▶ _Problem requirements_: One exact copy of the listing, minus the images, is the required answer.

▶ _Supplied information_:
□ □ □ □

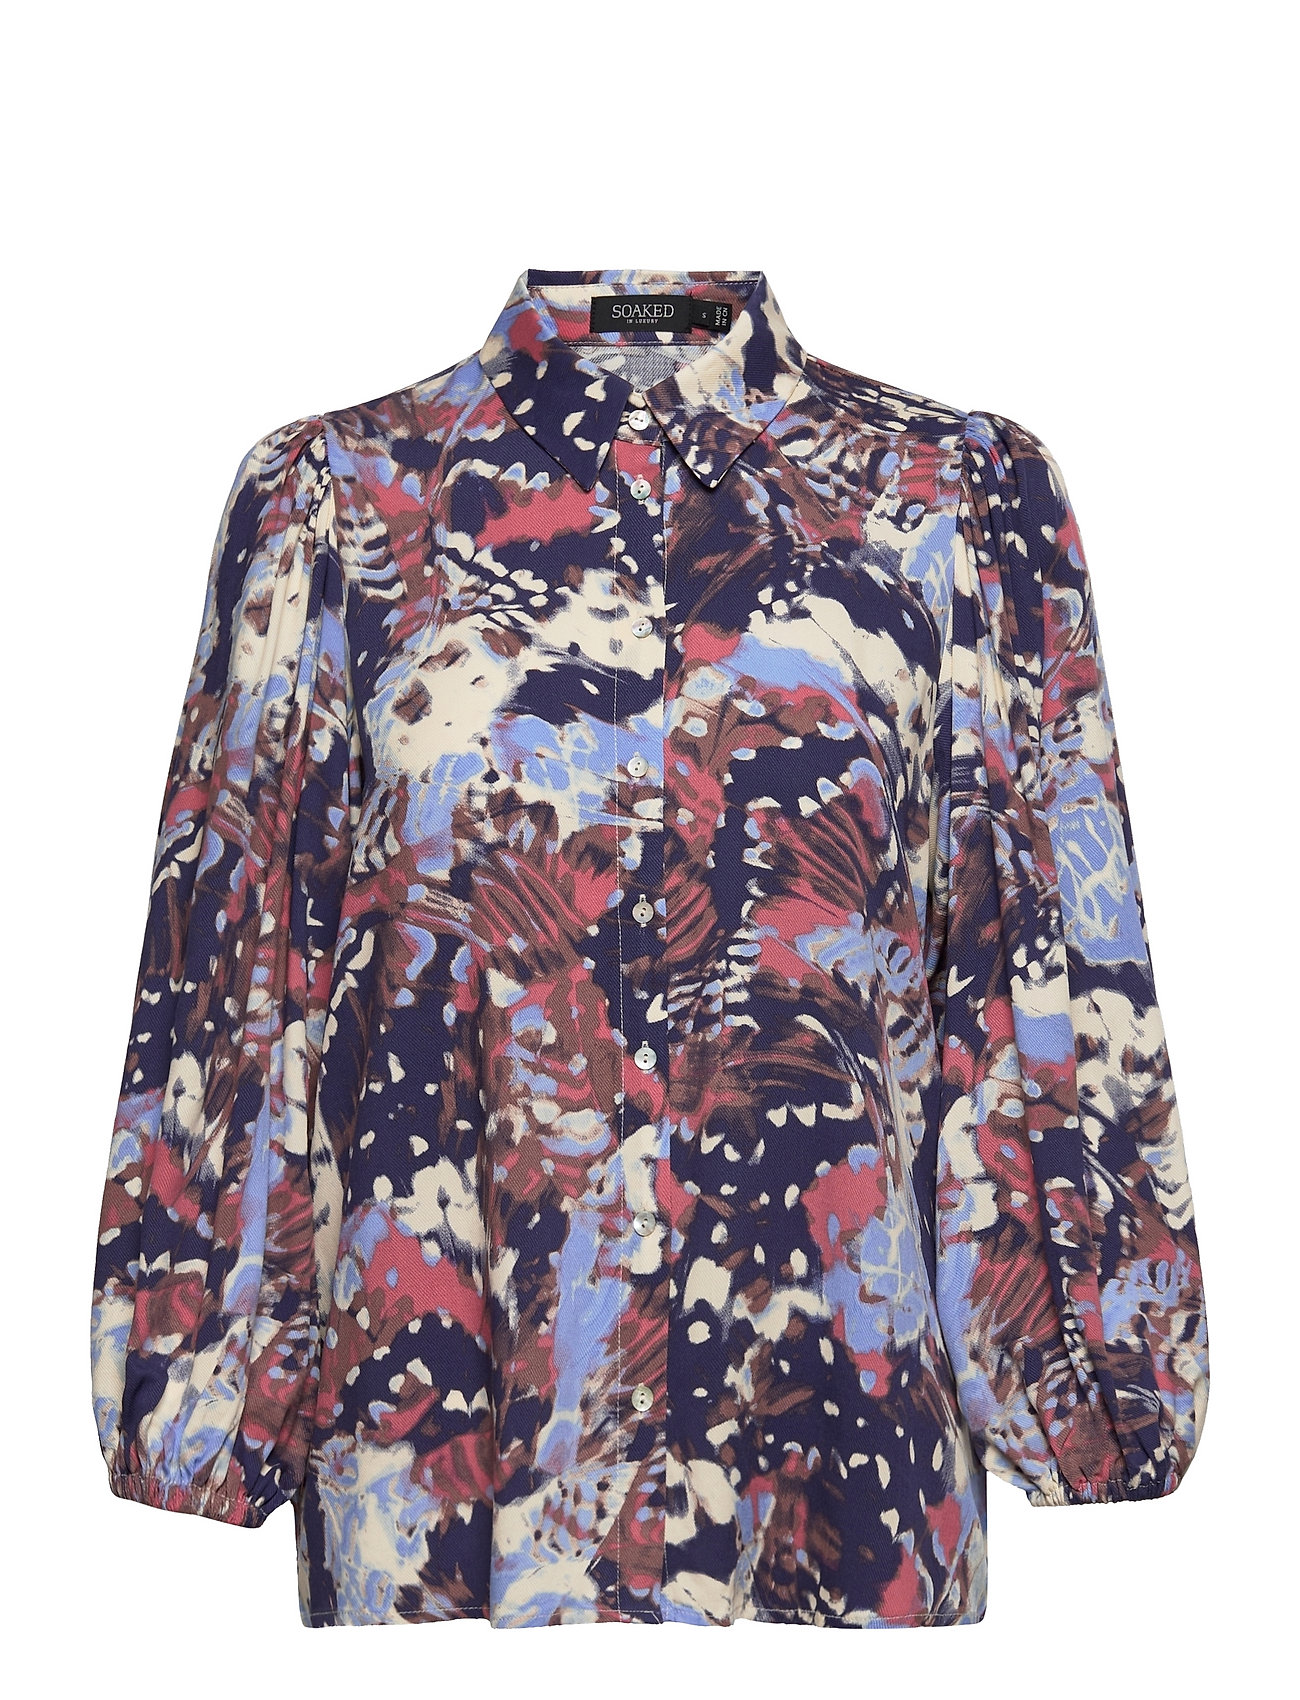 Slmayana Stefani Shirt Tops Shirts Long-sleeved Multi/patterned Soaked In Luxury
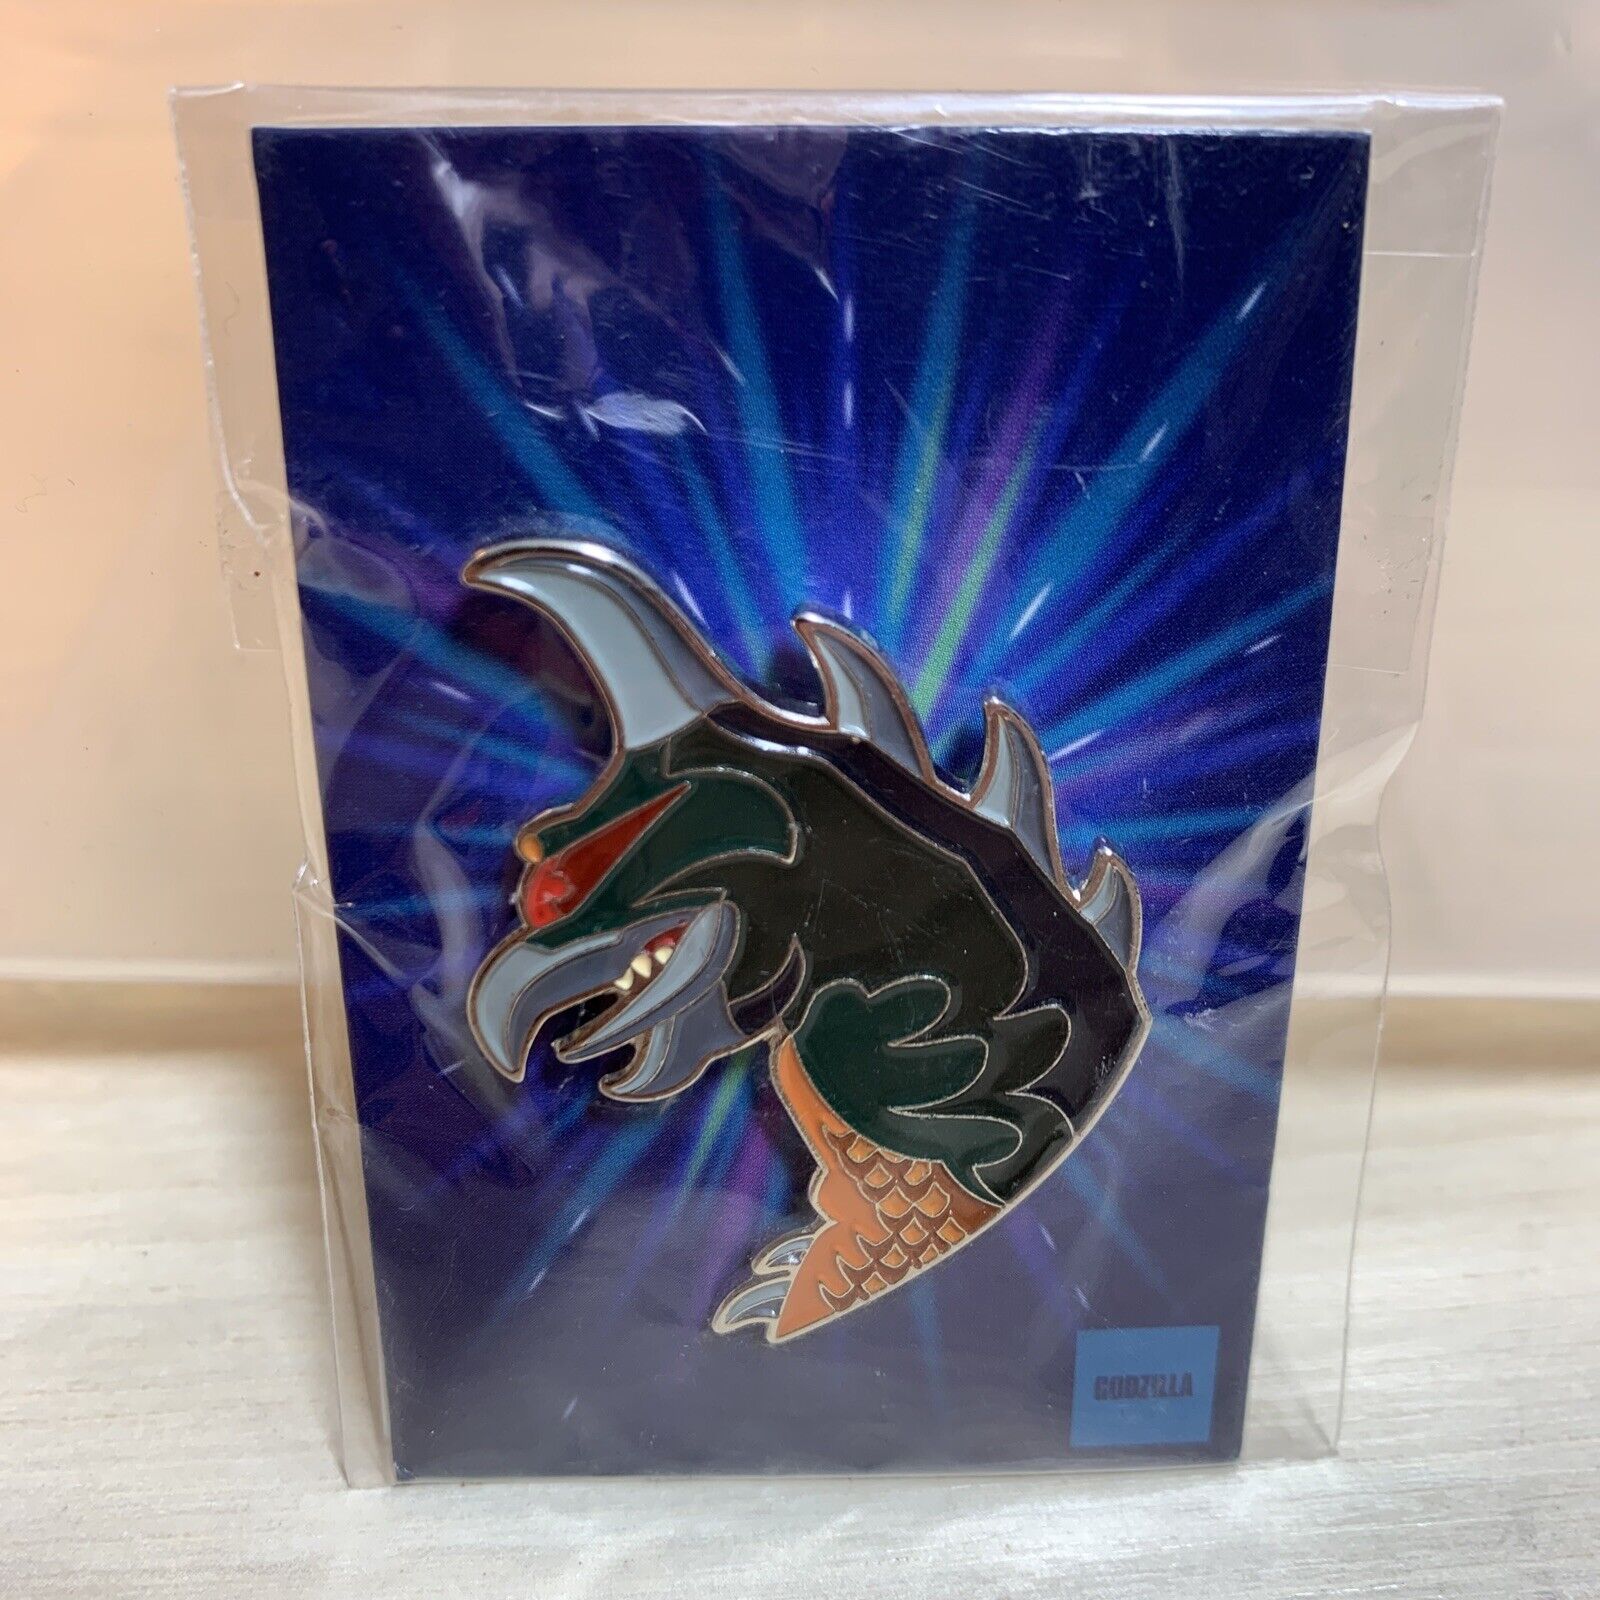 mondo Enamel pin limited edition sold out Gigan godzilla kaiju japan
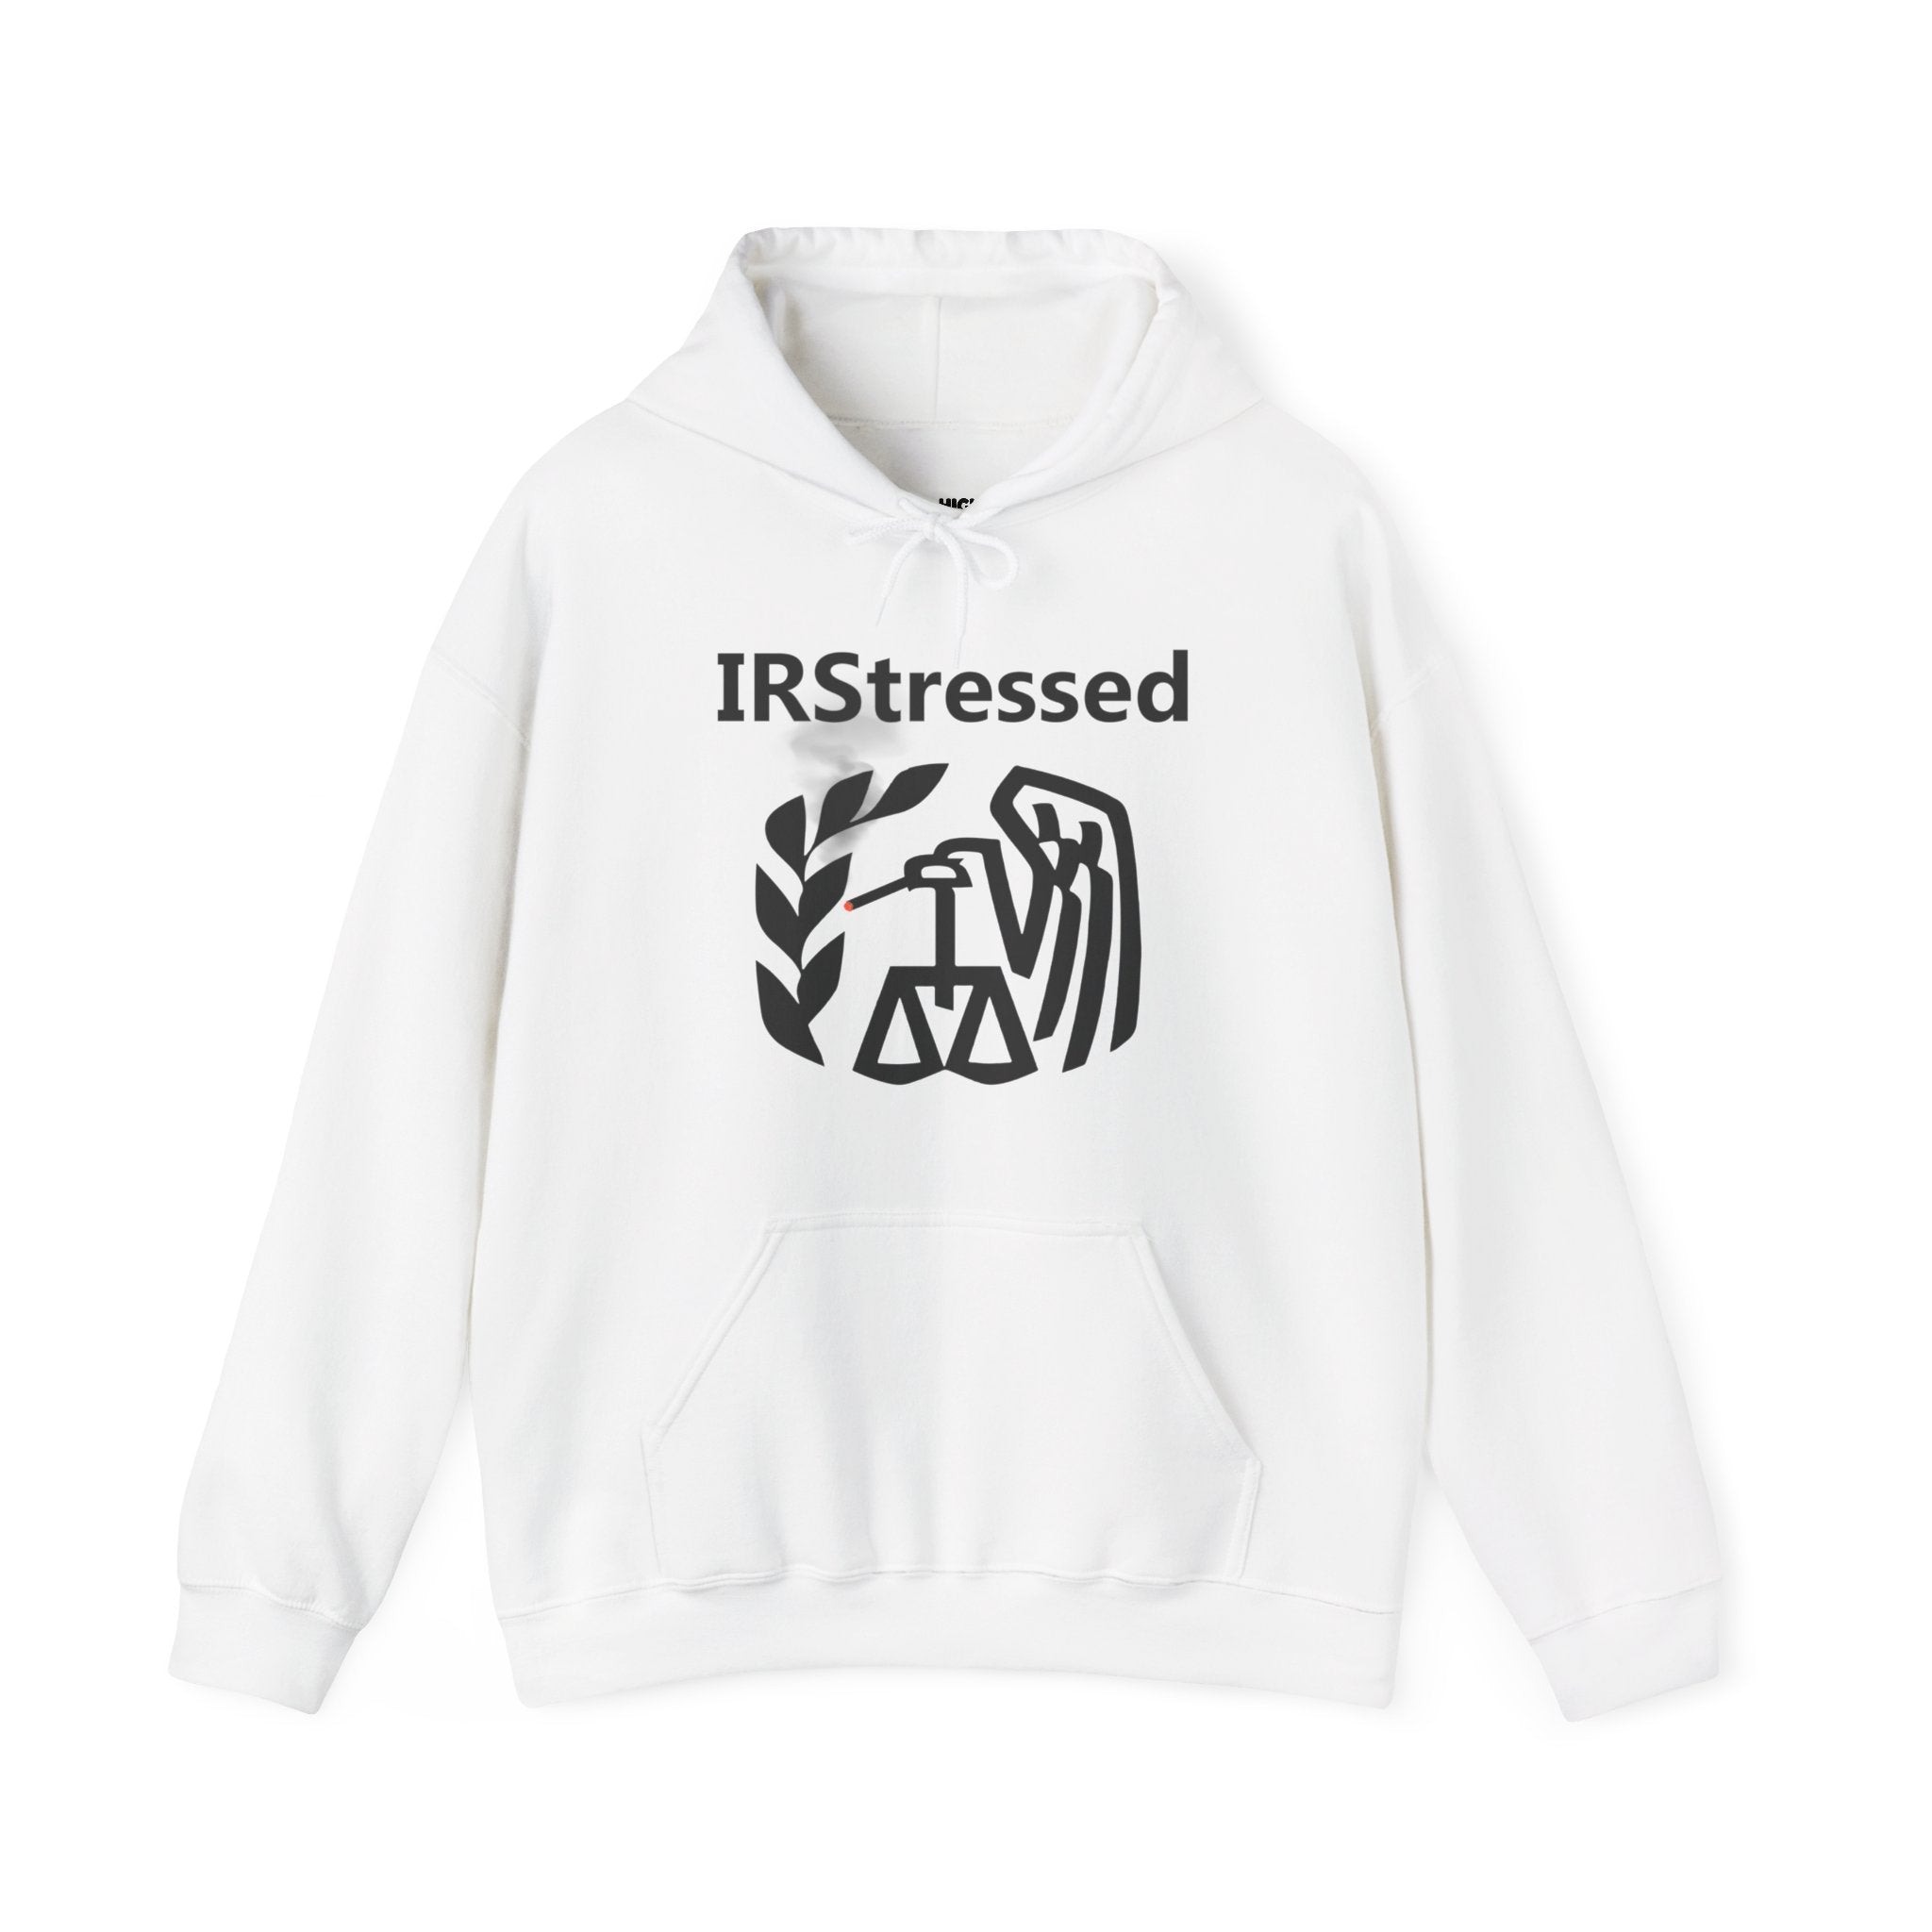 IRS Stressed

□ □ □ □

▶ _Output for this task_:
 Slmayana Stefani Shirt Tops Shirts Long-sleeved Multi/patterned Soaked In Luxury
 mondo Enamel pin limited edition sold out Gigan godzilla kaiju japan
 IRS Stressed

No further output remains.